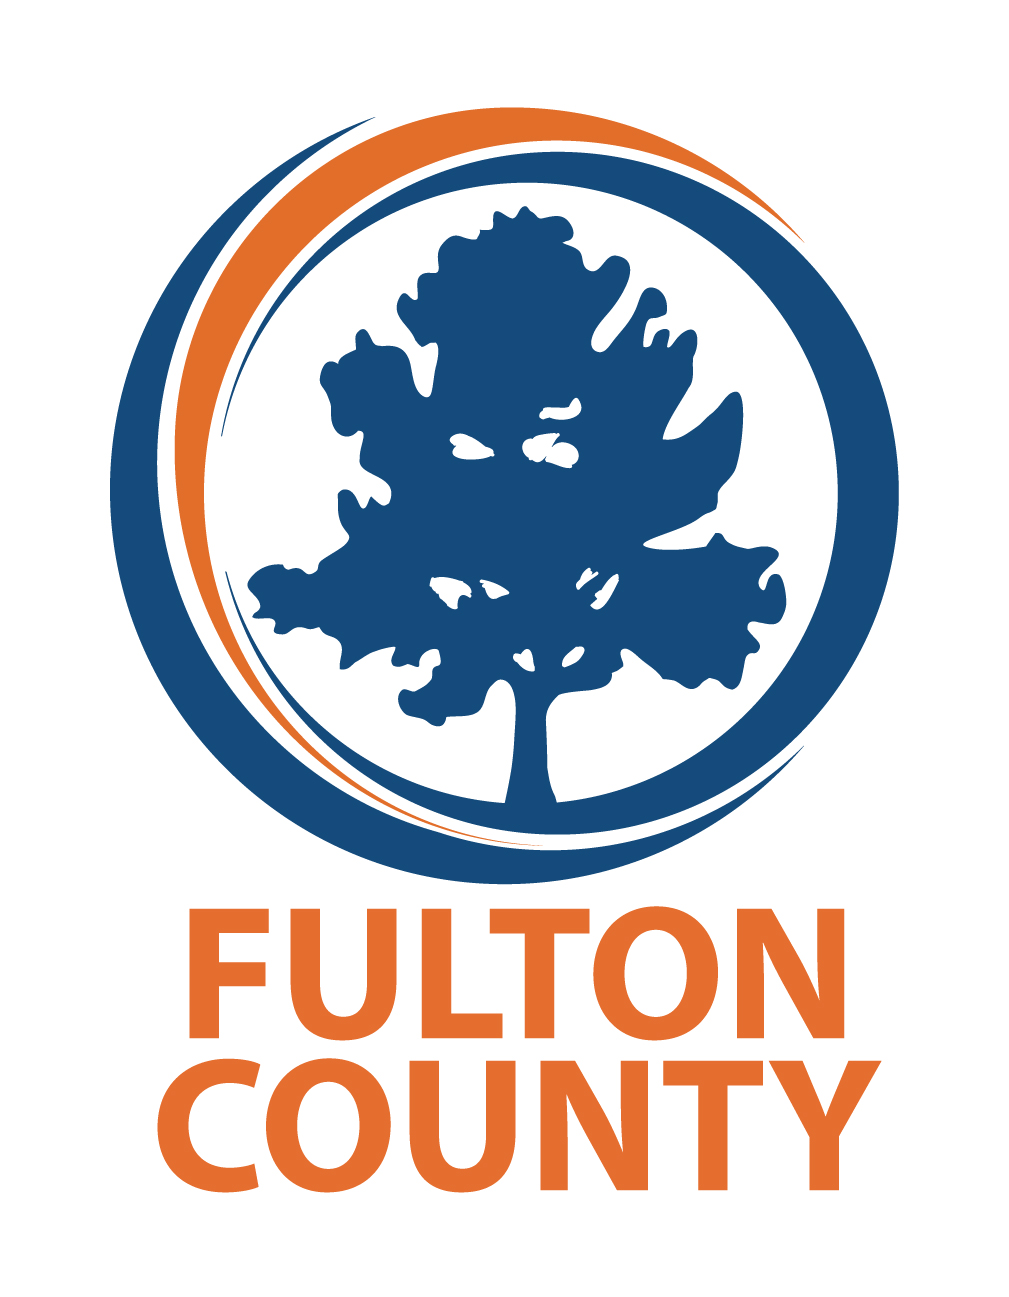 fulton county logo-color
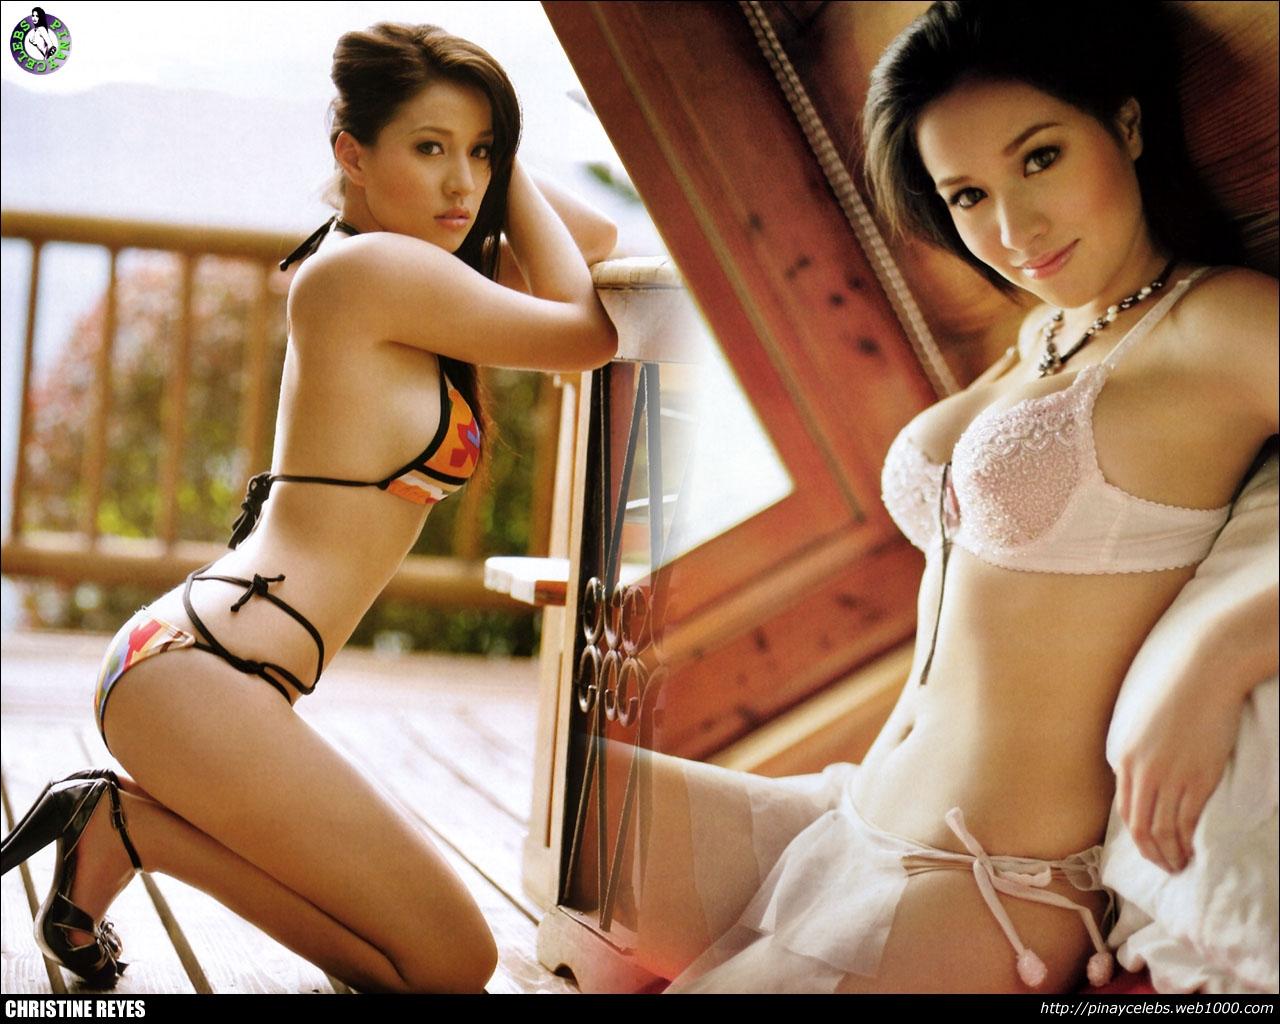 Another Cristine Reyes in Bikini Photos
----------------------------------------
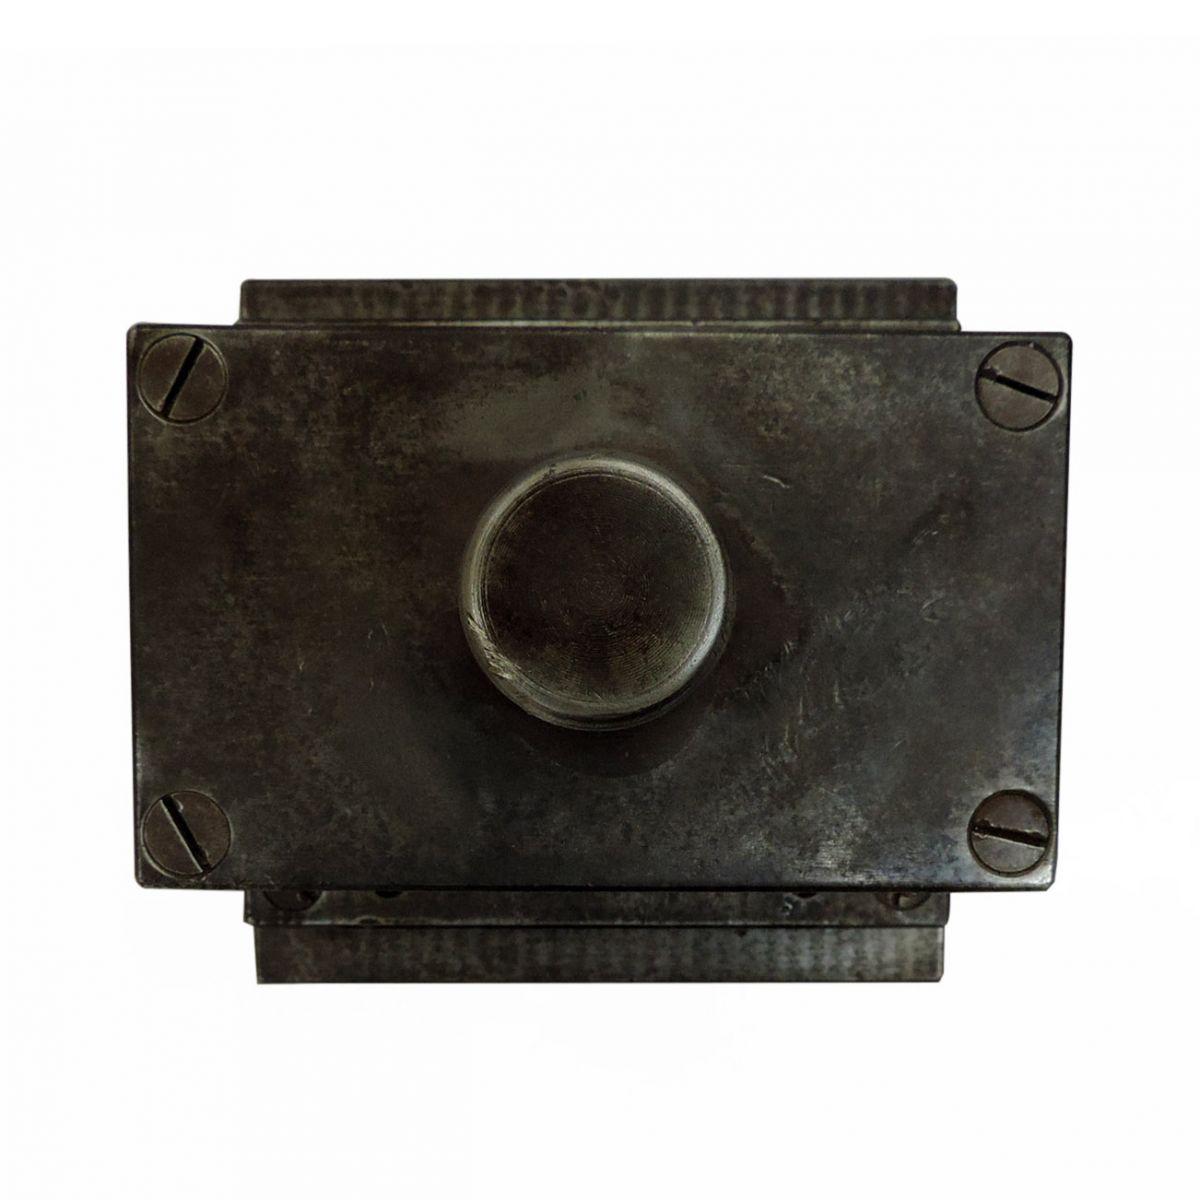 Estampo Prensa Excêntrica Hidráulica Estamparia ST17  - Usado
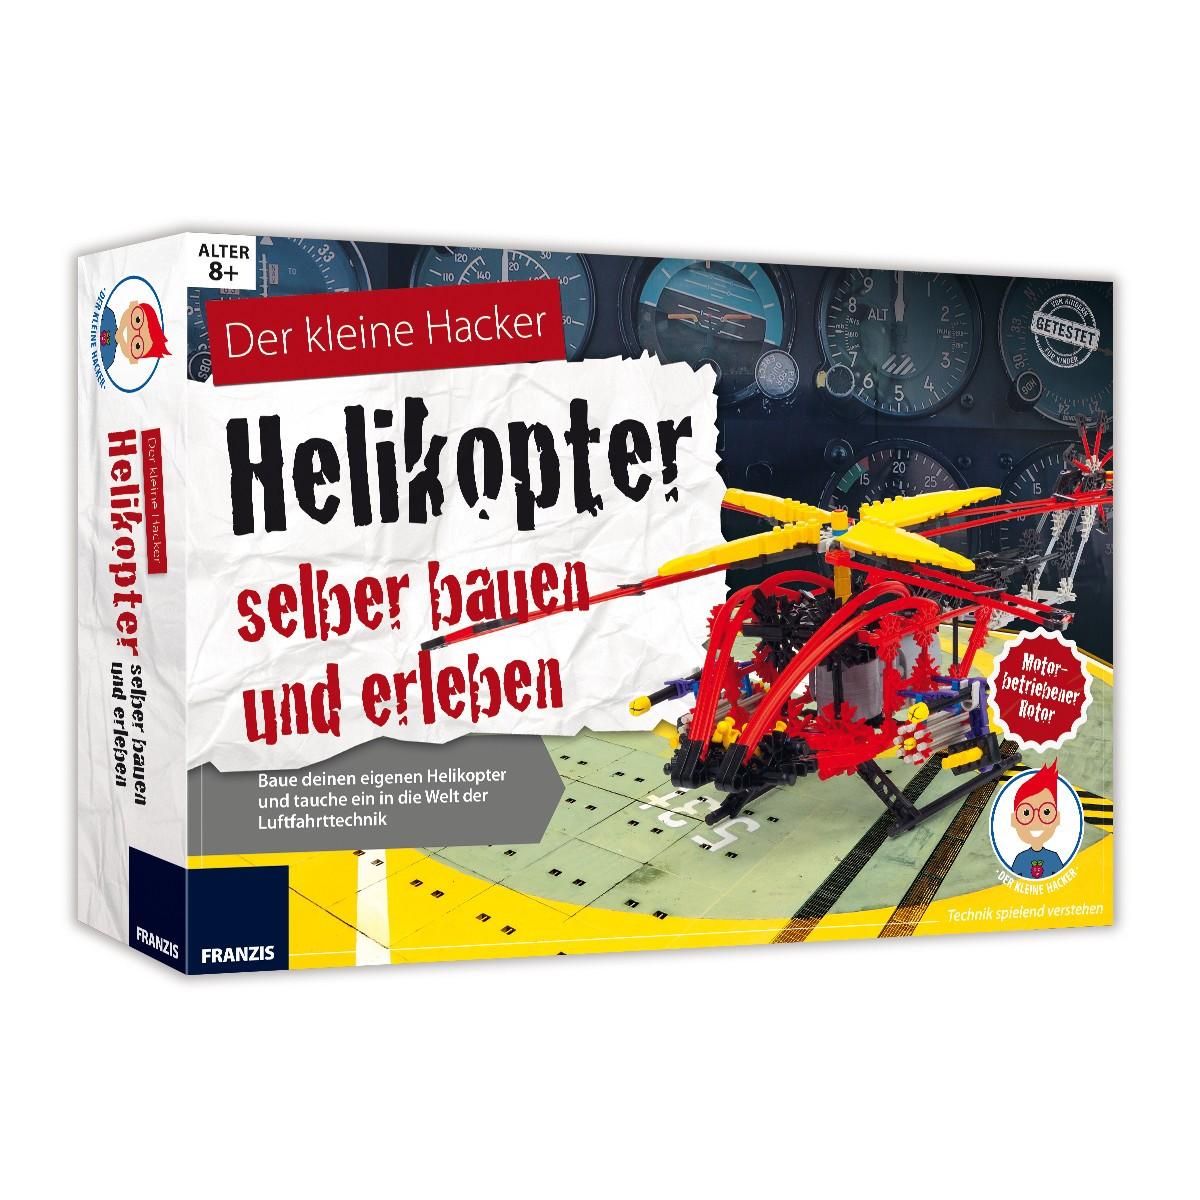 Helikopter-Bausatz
----------------------------------------
§ EXERCISE BRIEF:
Reproduce the lines above beginning at the line that contains "fulton county logo-color" and ending at the line that contains "Another Cristine Reyes in Bikini Photos". No pictures.

§ RESPONSE FOR THIS EXERCISE:
 fulton county logo-color
 Another Cristine Reyes in Bikini Photos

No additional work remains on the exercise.